Am I stabbing completely in the dark when wondering if this might be a step
towards a way to lift the size limit on VARLENA Datums like bytea ?

There are obvious practical concerns with doing so, given that our protocol
offers no handle based lazy fetching for big VARLENA values, but that too
needs a way to represent sizes sensibly and flexibly.
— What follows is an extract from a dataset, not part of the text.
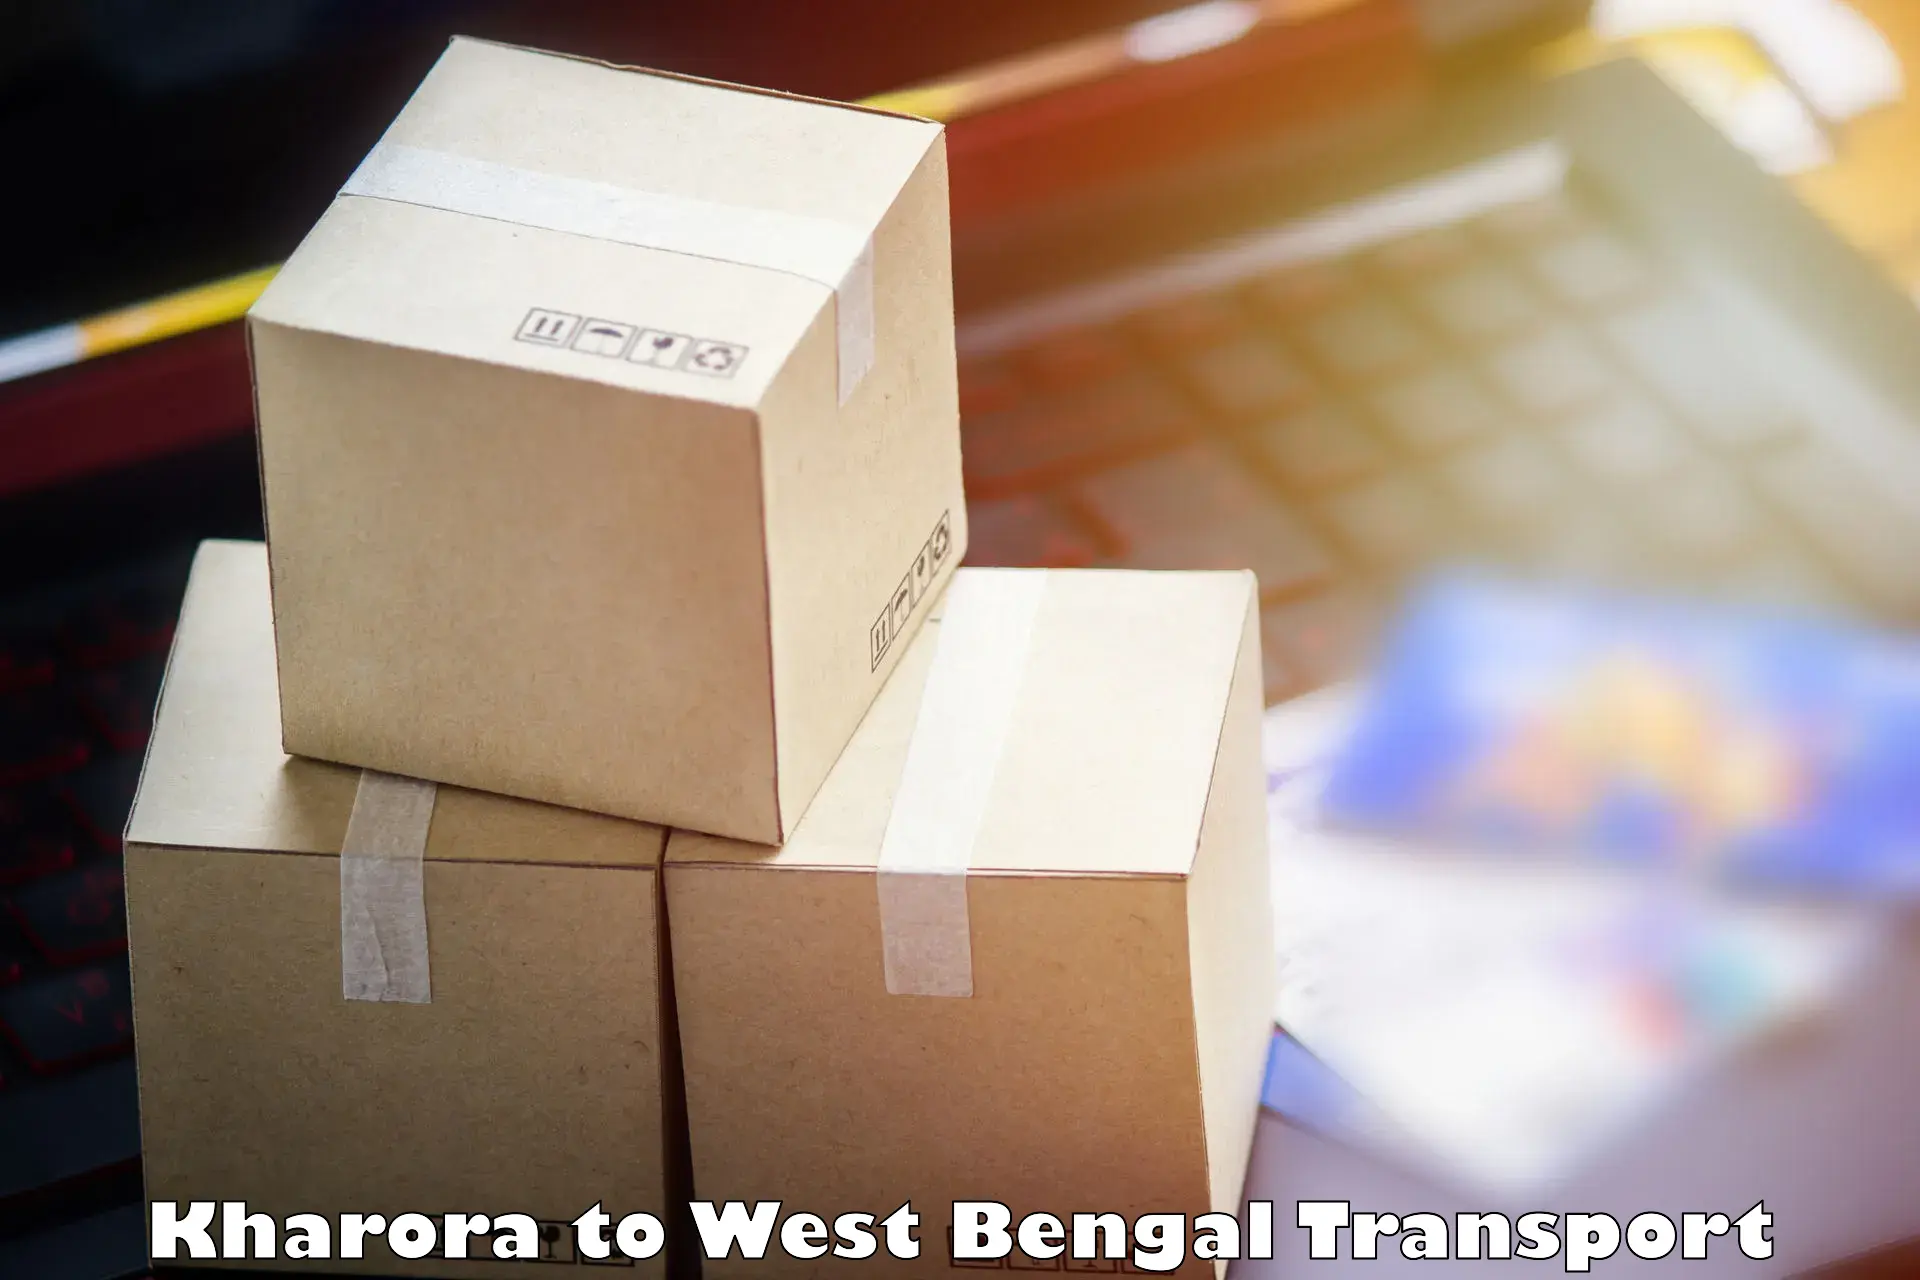 Shipping services Kharora to Kolkata

> Even with those caveats, I think that's a pretty good result. Other
> encodings were more expensive. And I think there's definitely some room
> for optimization left.

I don't feel at all qualified to question your analysis of the appropriate
representation. But your explanation certainly makes a lot of sense as
someone approaching the topic mostly fresh - I've done a bit with BCD but
not much else.

I assume we'd be paying a price in padding and alignment in most cases, and
probably more memory copying, but these representations would likely be
appearing mostly in places where other costs are overwhelmingly greater
like network or disk I/O.

If data lengths longer than that are required for a use case

If baking a new variant integer format now, I think limiting it to 64 bits
is probably a mistake given how long-lived PostgreSQL is, and how hard it
can be to change things in the protocol, on disk, etc.

> it
> probably is better to either a) use the max-representable 8 byte integer
> as an indicator that the length is stored or b) sacrifice another bit to
> represent whether the integer is the data itself or the length.
>

I'd be inclined to suspect that (b) is likely worth doing. If nothing else
because not being able to represent the full range of a 64-bit integer in
the variant type is potentially going to be a seriously annoying hassle at
points where we're interacting with places that could use the full width.
We'd then have the potential for variant integers of > 2^64 but at least
that's wholly under our control.

I also routinely underestimate how truly huge a 64-bit integer really is.
But even now 8 petabytes isn't as inconceivable as it used to be....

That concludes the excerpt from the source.